Is that how far apart we are? Maybe so. He’s a celebrity, and I’m a regular joe. I’m not thinking about getting fired. I’m thinking about the respect I want from my goddamn colleagues.

I let go of my nose, lift my chin, and stare him in the eyes. “That’s not the point,” I say, my tone rising, my frustration hitting a new pitch, right alongside my guilt. I stab my chest with my finger. “This is not how I want to behave with my coworkers. I respect Cruz. I like Cruz. And I need to do my job. Part of my job is telling him when my shift is over. So he can do his job.”

Stone nods, absorbing my outburst. “What happened last time, then?”

“Last time?” I repeat. My brain is a circus right now, and I can’t see straight, let alone think straight.

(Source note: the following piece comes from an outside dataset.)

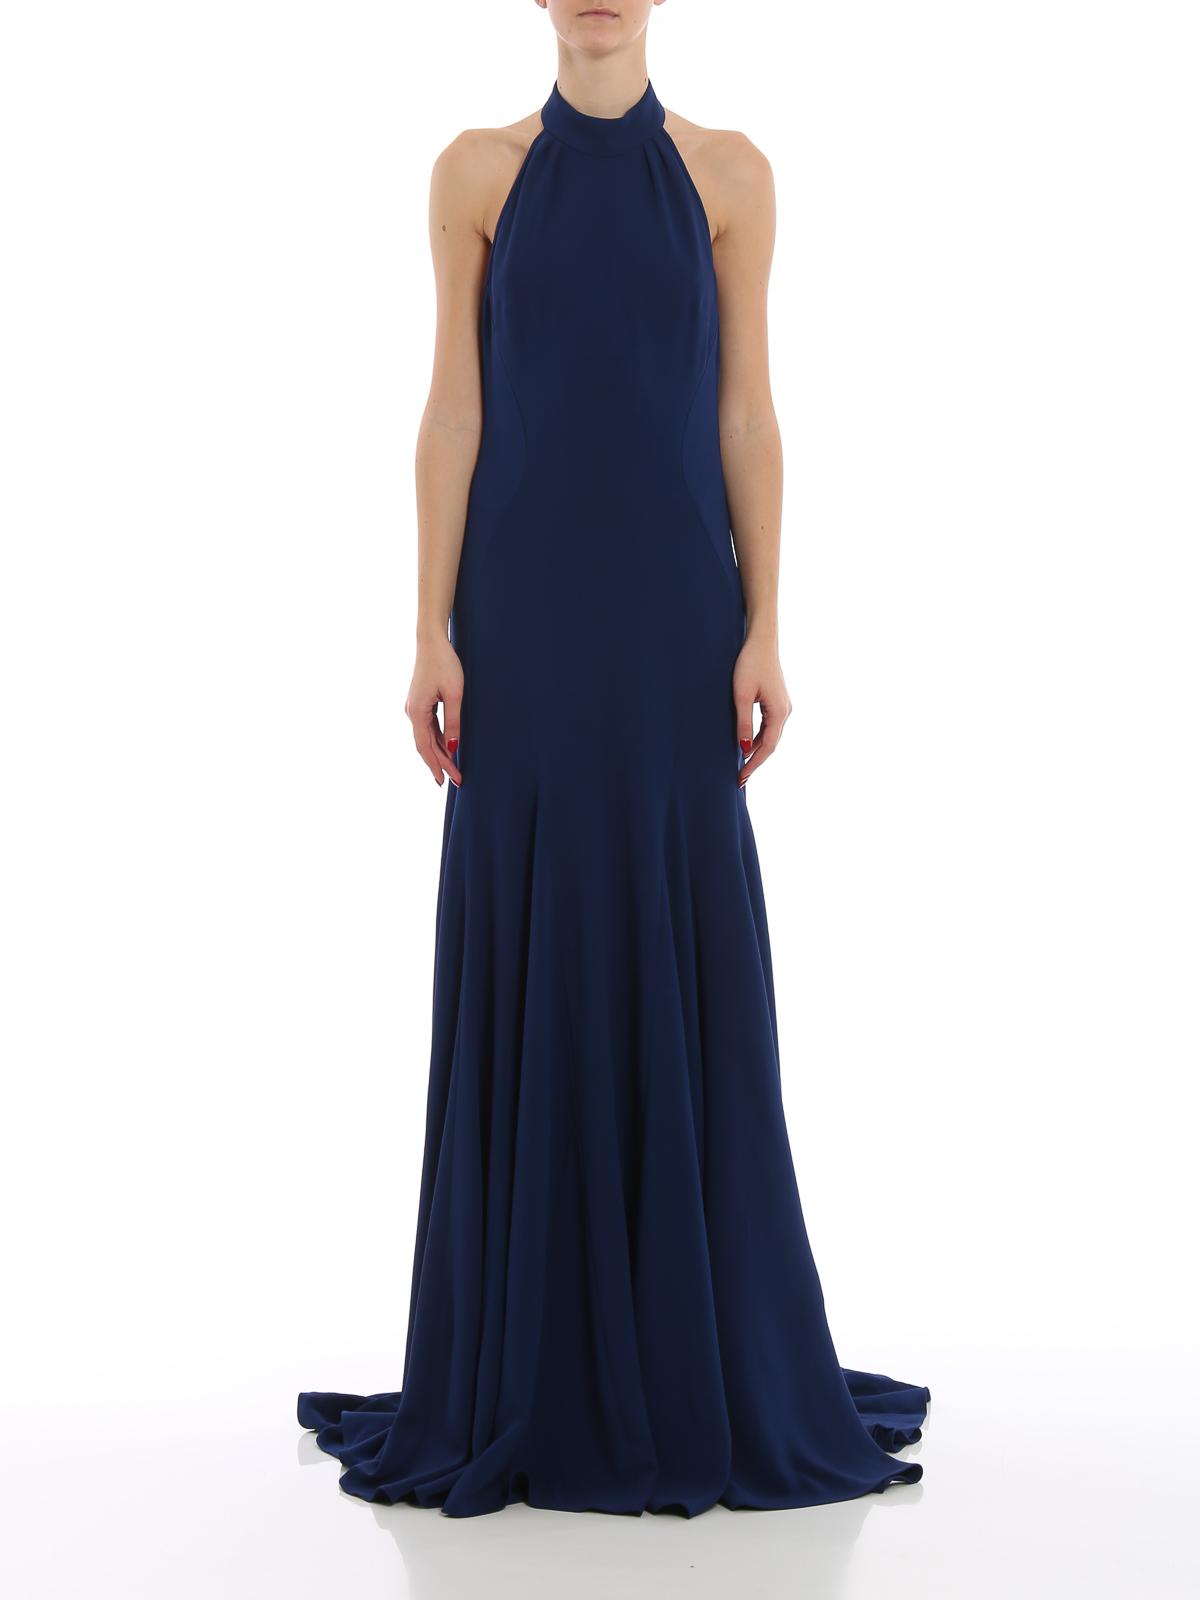 Stella Mccartney - Abendkleid - Dunkelblau - Abendkleider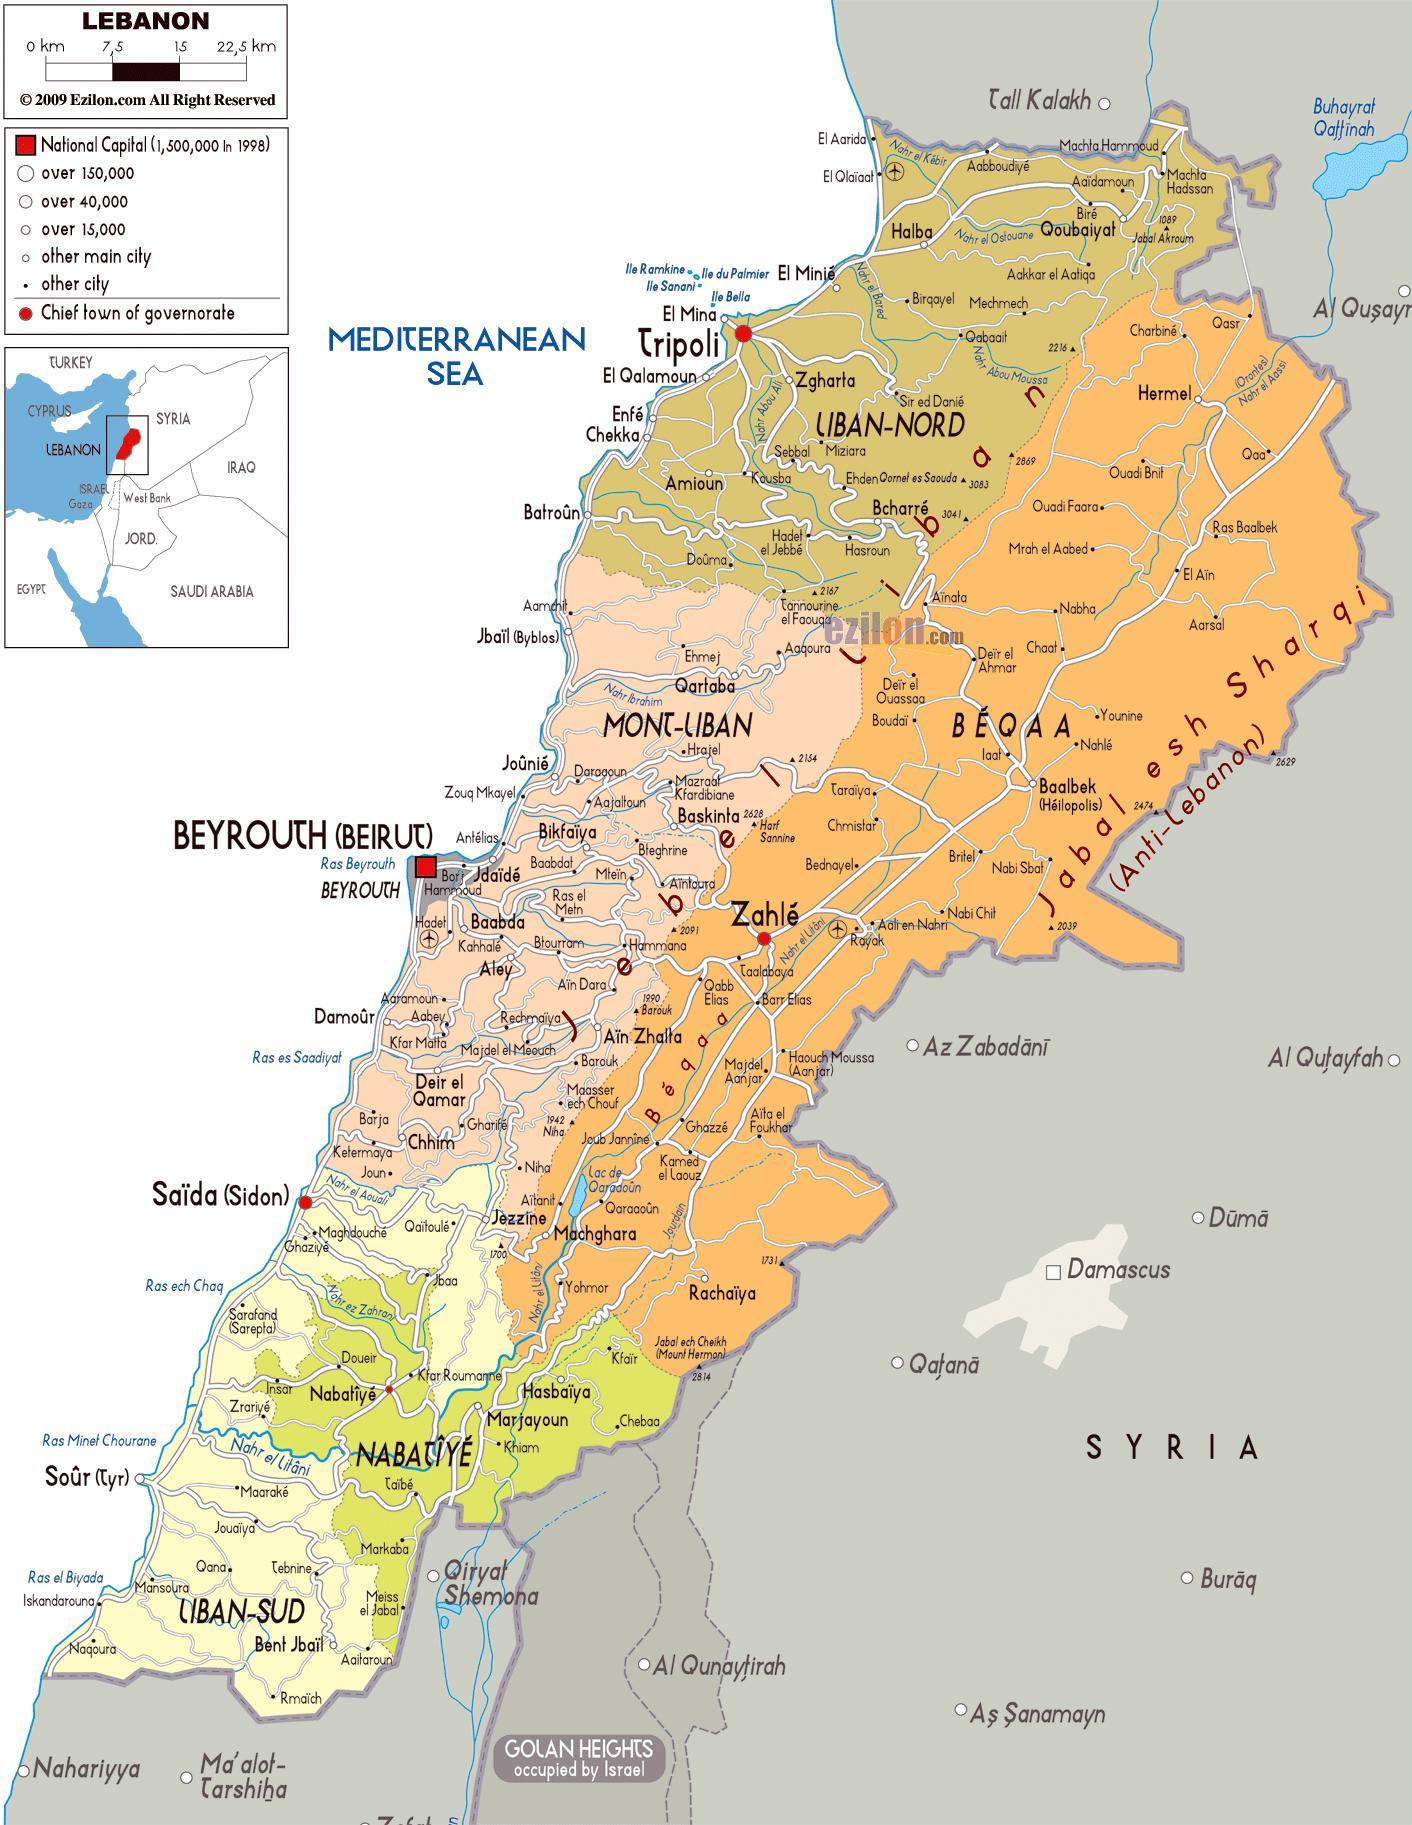 Lebanon cities map lebanon map detailed western asia asia lebanon map detailed altavistaventures Images

“Yes, last time. With the pizza.” He makes a rolling gesture with his hand like he’s jogging my memory.

And, well, he is.

Because last time, Stone and I agreed to tell Cruz we got a pizza.

“What happened last time was . . .” A laugh threatens to escape me.

Stone arches a brow. “Something funny?”

“Nothing happened,” I admit with a shrug. “I told him we got pizza. He just rolled his eyes and said, ‘Go get some sleep.’”

Stone looks like he’s fighting like hell to suppress a grin.

My lips twitch too, but then reality kicks me in the teeth again. “But that was once. I got away with it one time. I don’t want to lie a second time. And I also don’t want to tell him the truth.”

Because, dammit, tonight was supposed to be between Stone and me.

I want my private life to be just that.

Private.

But then, I suppose I gave up that right when I decided to stick my dick in a celebrity who’s also my boss.

What the hell have I gotten myself into?

Stone squeezes my bicep, still trying to ease my mind. “Let me talk to him. I’ll tell him we were hanging out.”

I stare at him like he’s insane, then gesture wildly to the state of him. His chest is glistening with sweat. His hair is sticking up in all directions. His lips are bruised. “You look like you’ve just been fucked to within an inch of your life.”

He smiles, proud and dirty. “And I have. And that means that he’s going to know you’re the one who put this look on my face.”

A shudder runs down my body, even as I try to fight it. “Yeah. I did. But that doesn’t solve the problem,” I say, desperation coloring my tone again.

“But seriously. Why can’t we just be hanging out?”